Romney never served in the military. Neither did any of his five sons. Wardell Norman, a retired Army veteran, said that leaves him out of touch with constituents who have and unqualified to be the military’s commander-in-chief.

“How can I lead the great army that we have – the military that we have – if I hadn’t served or had any of my family member serve? How could I? What image would that portray?”

The group doesn’t want Romney to be their president, but because it’s a non-partisan effort, they’re also not endorsing any other candidate. But Dennis Plews, the retired Vietnam combat vet, said historically Republicans haven’t done much to help people in the military.

“Also, we’ve watched the VA under Republican administrations literally abuse returning veterans. For example, during the end of the Vietnam war we had a Republican president and returning veterans with post traumatic stress disorder and traumatic brain injury were just told, ‘there’s nothing wrong with you, get out of here’ basically.”

Harvey Gochberg, secretary of the Florida Veterans for Common Sense, just doesn’t like Romney at all.
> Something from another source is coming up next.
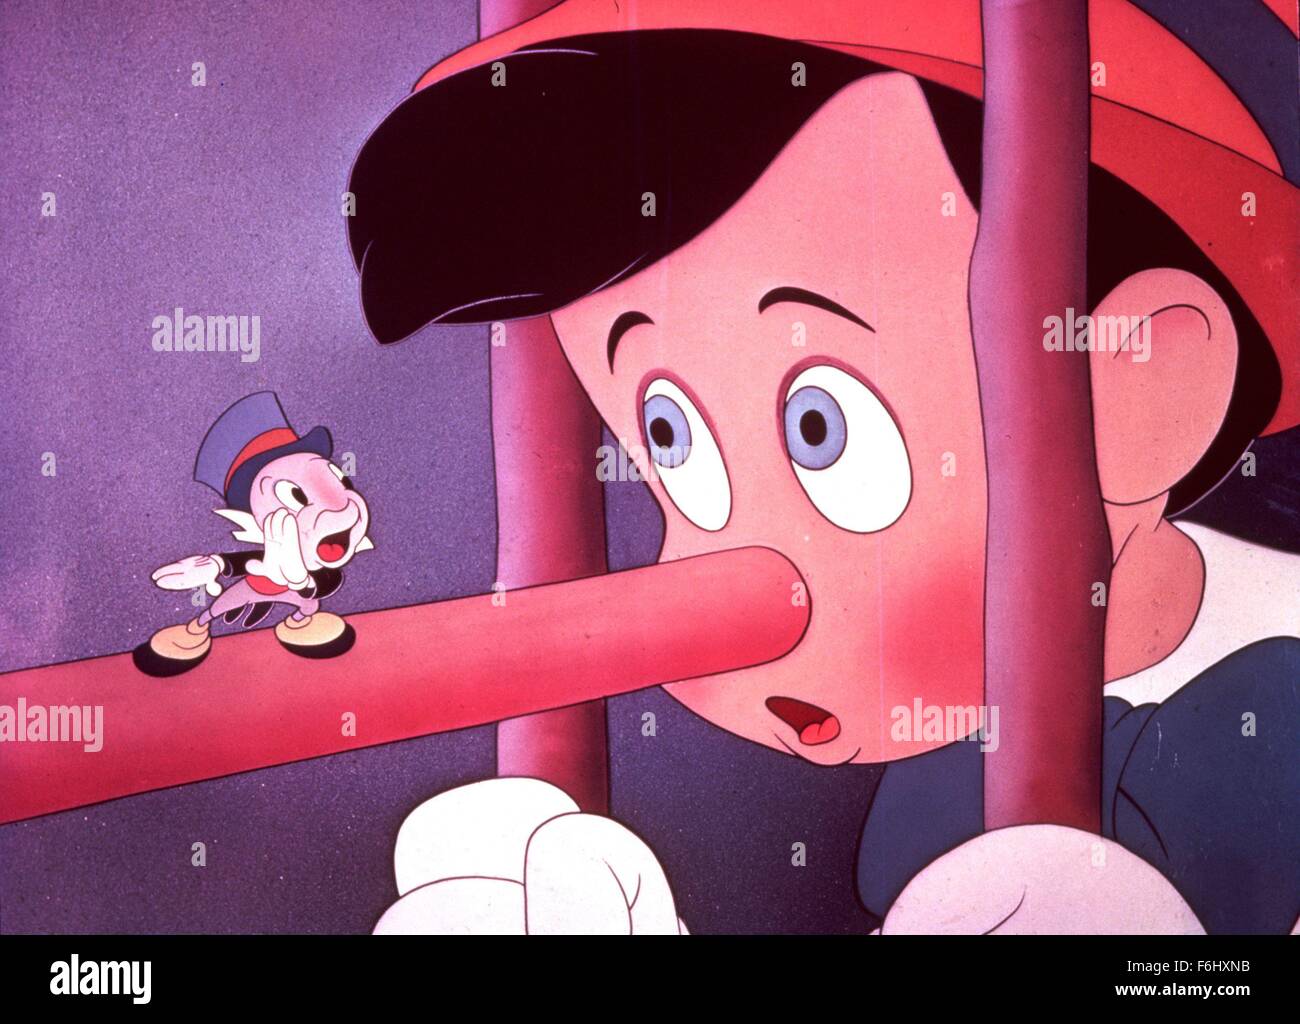 1992, le titre du film : Pinocchio, Studio : WALT DISNEY, présenté : Jiminy Cricket. (Crédit Image : SNAP) Banque D'Images

His latest beef? Romney won’t produce his tax documents. Gochberg said if he’s not paying enough taxes, it means he’s not paying the taxes that send people to war.

“It pisses me off that this is a man who thinks that he can run and become president of the United States and still not tell people what kind of people he paid over the last ten years. There isn’t anybody who would do that.”

The group organized today’s protest in under three days. Now they’re planning to continue similar demonstrations across Florida and in other key political areas across the country.

The Romney campaign did not respond to interview requests before deadline.